IL-21-dependent gene expression. A, Surface expression of CD25 (n = 6), intracellular expression of CD152 (n = 6), and CXCL10 secretion into the culture supernatants (n = 4–9) were detected after 72 h. Surface expression of CD244 (n = 8–11), KLRG1 (n = 3), and CD62L (n = 5) was measured after 6 days (note that KLRG1 expression is depicted as mean fluorescence values as at baseline Vγ9/Vδ2 T cells were already ~80% KLRG1⁺). Solid and hatched bars as in Fig. 1 legend. B, Expression of IL-21 and IL-21R mRNAs by γδ T cells purified from PBMC after 72 h in culture was analyzed by semiquantitative RT-PCR; data shown are representative of three individual blood donors (ctrl, whole PBMC stimulated with PHA).

FIGURE 5. IL-21-dependent expression of CXCL13

A, M/A plot of IL-21-stimulated vs IL-2-stimulated Vγ9/Vδ2 T cells.The locations of the IL-2-induced genes encoding for GM-CSF and LT-α and the IL-21-induced gene encoding for CXCL13 are indicated. B and C, Expression of CXCL13 mRNA by γδ T cells purified from PBMC cultured for 72 h in medium alone or with HMB-PP and the cytokines indicated. Semiquantitative RT-PCR data shown are representative of three blood donors; real-time data are mean values and SDs from duplicate experiments. D, Detection of CXCL13 protein in the supernatant of PBMC cultured for 72 h with and without HMB-PP, in the presence of the cytokines indicated (n = 6–9). E, CXCL13 production by PBMC cultured for 72 h in medium alone or with HMB-PP plus IL-21 after depletion of γδ T cells, monocytes, or B cells (n = 3). F, CXL13 production by purified γδ T cells in the absence or presence of monocytes as feeder cells after 72 h (n = 4). G, Inhibition of the IL-21-induced γδ T cell proliferation by IFN-β. PBMC were cultured for 6 days with HMB-PP plus IL-2 or HMB-PP plus IL-21 in the absence or presence of IFN-β (n = 3). H, Inhibition of the IL-21-dependent CXCL13 expression by IFN-β. PBMC were cultured for 72 h with HMB-PP plus IL-2 or HMB-PP plus IL-21 in the absence or presence of IFN-β (n = 5).

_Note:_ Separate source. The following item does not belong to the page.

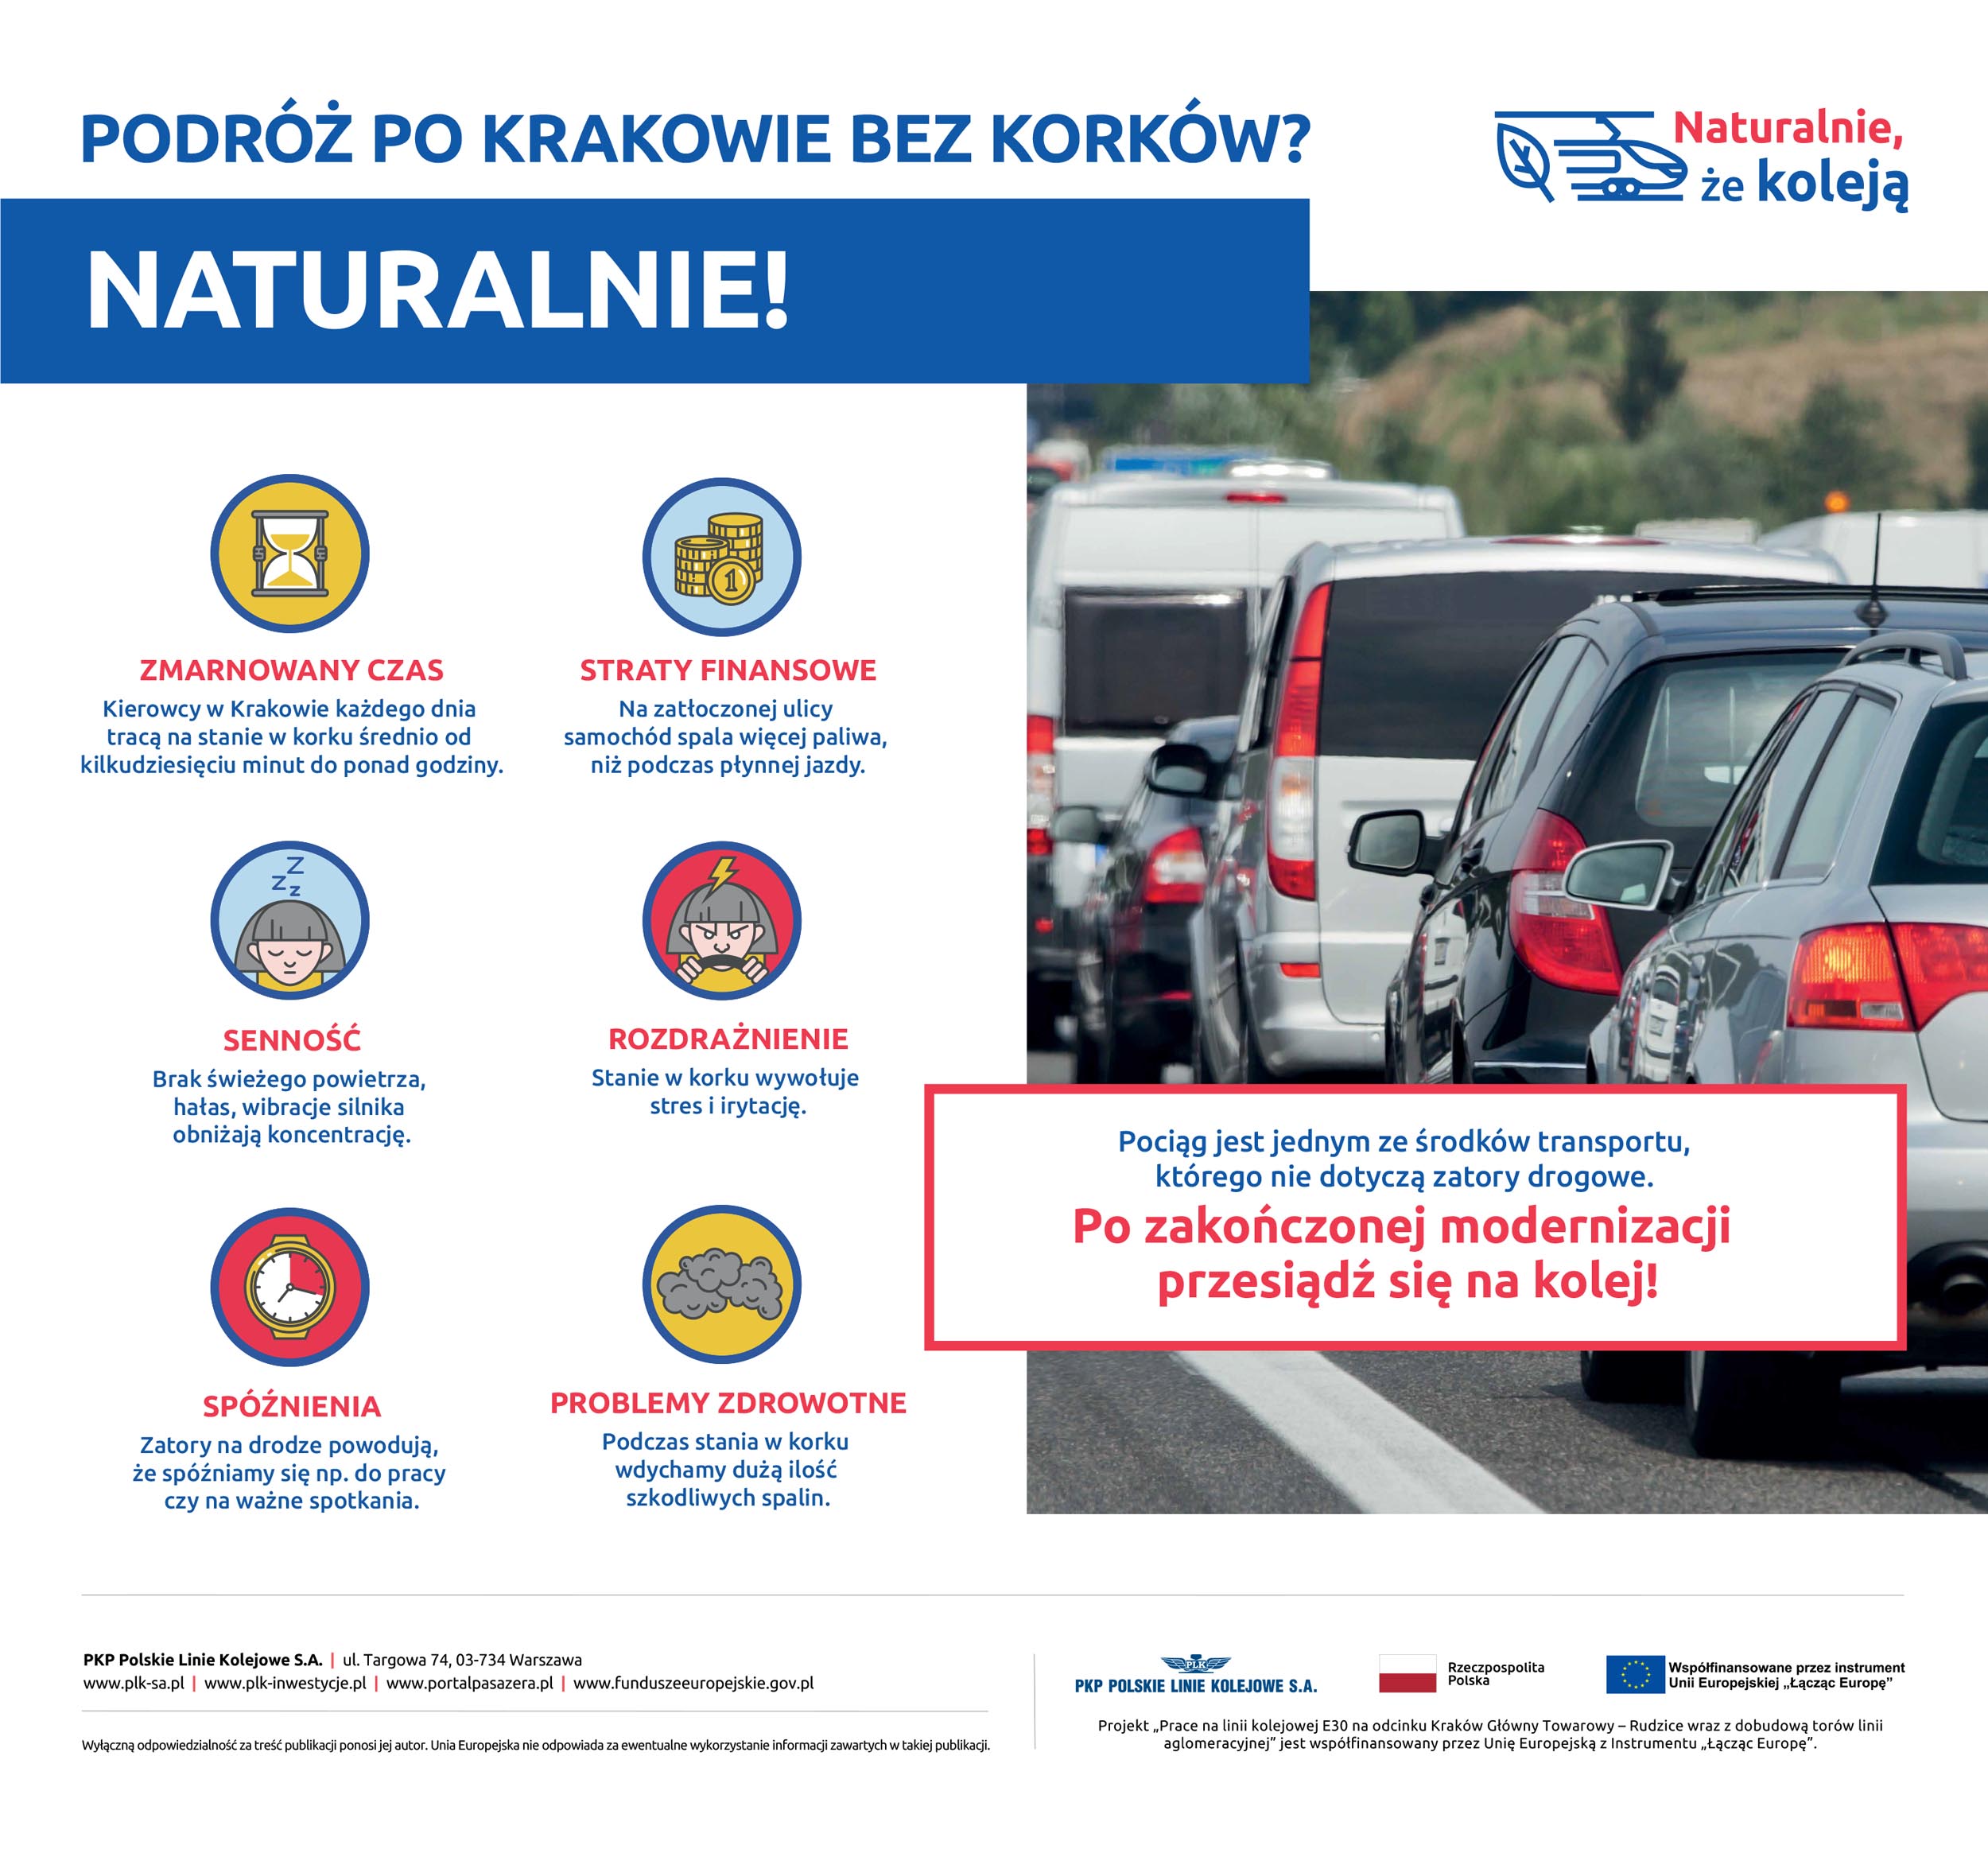 Infografika z cyklu Naturalnie, że koleją obrazująca negatywne skutki podróży samochodem po zakorkowanym Krakowie.

FIGURE 6. A role for γδ T cells in regulating follicular B cell maturation

A, Immunohistochemical analysis of serial sections of an active gut follicle from a patient with Yersinia ileitis, with γδ T cells and CXCL13, respectively, stained in red. Colocalization of CXCL13-producing cells and γδ T cells is indicated by arrows. Note that a similar picture of the same section stained for γδ T cells was already published earlier (23 ), but has been included here for the sake of optimum comparison. B, Proposed interaction between γδ T cells, B cells, and T_FH cells in secondary lymphoid tissue. Expression of CCR7 by naive and central memory αβ T cells permits entry to the LNs, and subsequent colocalization with CCR7⁺ DC in the T zone that is defined by the CCR7 ligands CCL19 and CCL21. T cell priming results in the generation of TFH cells expressing CXCR5, thereby conferring responsiveness to the B zone-specific chemokine CXCL13. After relocalization of T_FH cells and CXCR5⁺ B cells to the follicles, mutual interaction through ICOS and CD40 with their respective ligands induces plasma cell maturation on one hand, and gives rise to effector αβ T cells on the other hand (see also Refs. 2 and 60 ). Upon infection with microbial pathogens, peripheral γδ T cells recognize HMB-PP at sites of inflammation and contribute to the local immune response by secretion of proinflammatory cytokines and chemokines, and lysis of infected cells. Alternatively or additionally, they acquire a LN homing phenotype by up-regulation of CCR7 and CD62L (Ref. and this study), and HMB-PP released in the periphery may reach local LN through tissue drainage and act on LN resident γδ T cells. Data presented here show that γδ T cells moving into the GCs will respond to T_FH-derived IL-21 by producing CXCL13 and CXCL10, thus contributing to the molecular definition of the B zone and aiding further recruitment of CXCR5⁺ B cells, T_FH cells, and monocytes. HMB-PP triggered γδ T cells may also directly present microbial Ags to T_FH cells at an early stage of infection (65 ).